The IRS is also expanding a new streamlined Offer in Compromise (OIC) program to cover a larger group of struggling taxpayers with annual incomes up to $100,000 to participate. An offer-in-compromise is an agreement between a taxpayer and the IRS that settles the taxpayer’s tax liabilities for less than the full amount owed. Generally, an Offer in Compromise will not be accepted if the IRS believes that the liability can be paid in full as a lump sum or through a payment agreement. The IRS looks at the taxpayer’s income and assets to make a determination regarding the taxpayer’s ability to pay.
Taxpayers should bear in mind however, that the IRS Offer in Compromise program or IRS Penalty Abatement program is a privilege, not a right such as bankruptcy. That being said, it is a very subjective process. The IRS has the final word. The IRS Offer in Compromise (OIC) process is a very complicated drawn out process that can take upwards of nine months to a year and even longer. There are IRS guidelines, rules and protocols established by operation of law, under IRC Section 7122. However, most IRS Offer Examiners (former Revenue Officers) use the Internal Revenue Manual (IRM) as their guide.
- Doubt as to Collectability — You can show that the IRS Tax Debt is likely uncollectable in full by the IRS under any circumstances. Doubt exists that you, the taxpayer, could ever pay the full amount of your tax liability owed within the remainder of the statutory period for collection.
- Doubt as to Liability — You can show reason for doubt that the assessed tax liability is correct. A legitimate doubt exists that the assessed tax liability is correct. Possible reasons to submit a doubt as to liability Offer in Compromise include: (1) the examiner made a mistake interpreting the law, (2) the examiner failed to consider the taxpayer’s evidence or (3) the taxpayer has new evidence..
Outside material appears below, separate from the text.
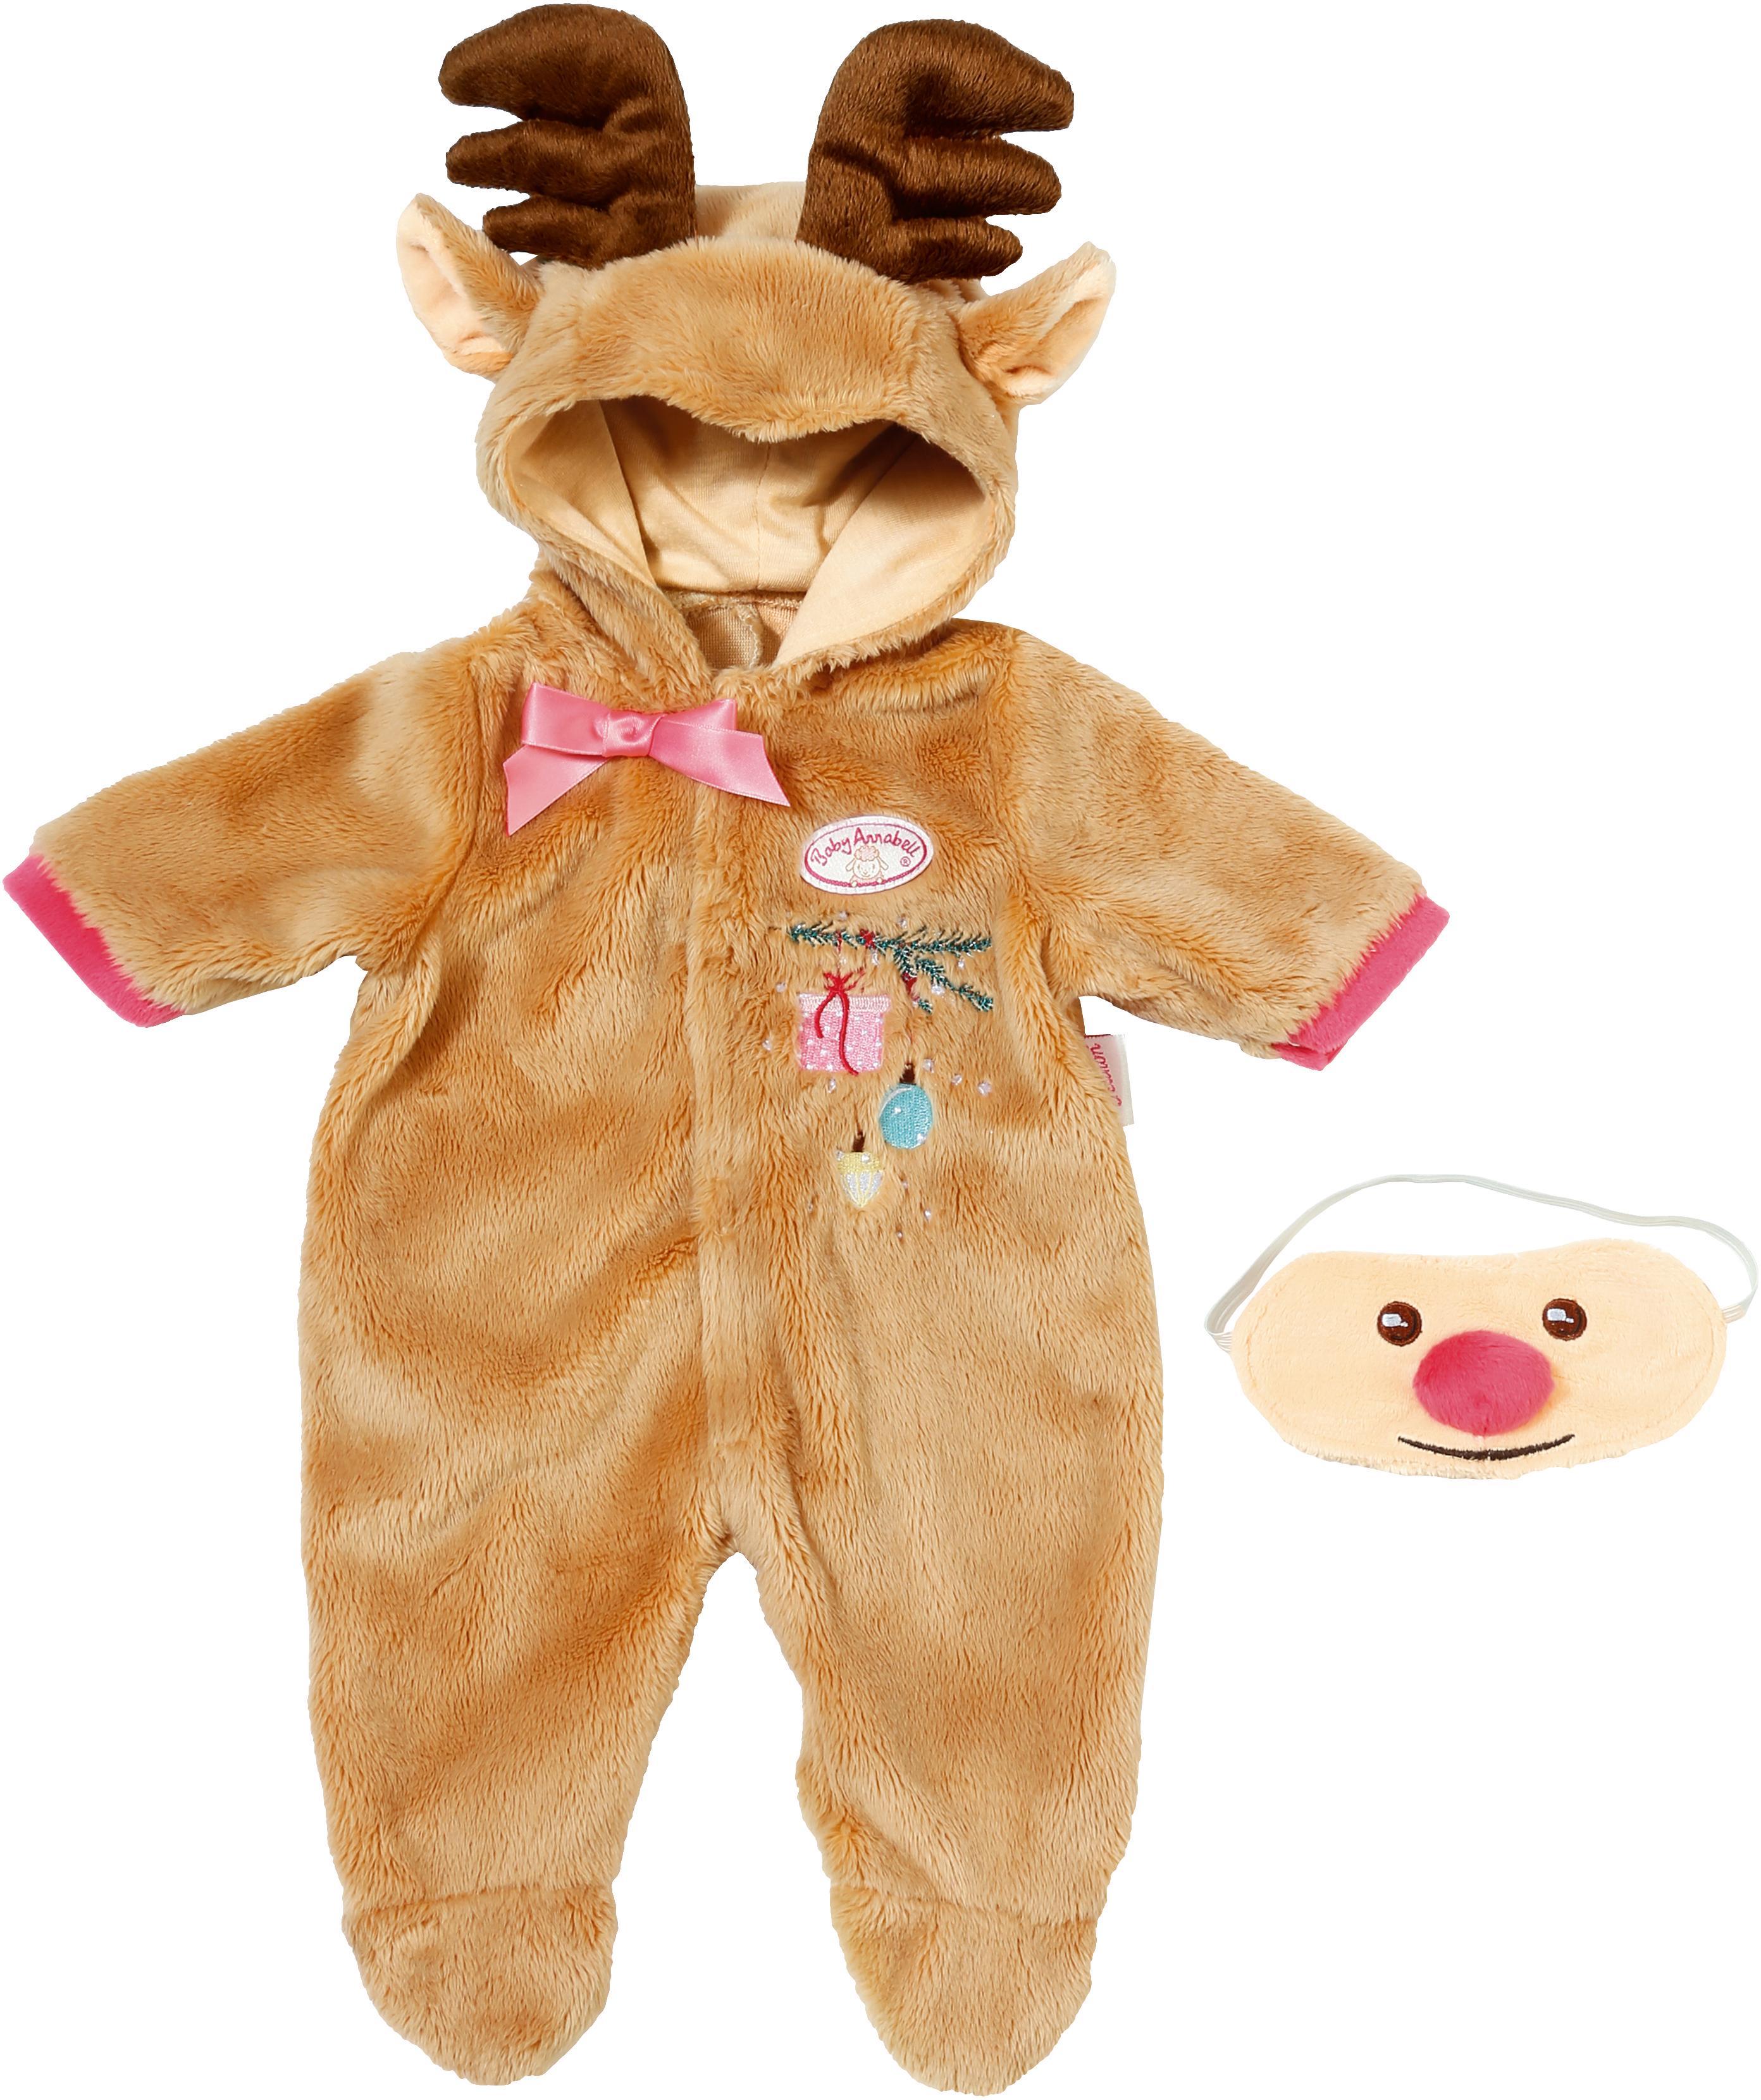 Zapf Creation Puppenkleidung,  Baby Annabell® Deluxe Rentier Set  Preisvergleich

- Effective Tax Administration — You do not contest your IRS Tax Debt liability or collectability but can demonstrate extenuating or special circumstances that the collection of your IRS Tax Debt would "create an economic hardship or would be unfair and inequitable." This form of IRS Offer in Compromise (OIC) program is available for you, the taxpayer, but is primarily used by individuals that are elderly and receiving Social Security or may be disabled and receiving Social Security Disability / SSDI benefits, or may have special extenuating circumstances.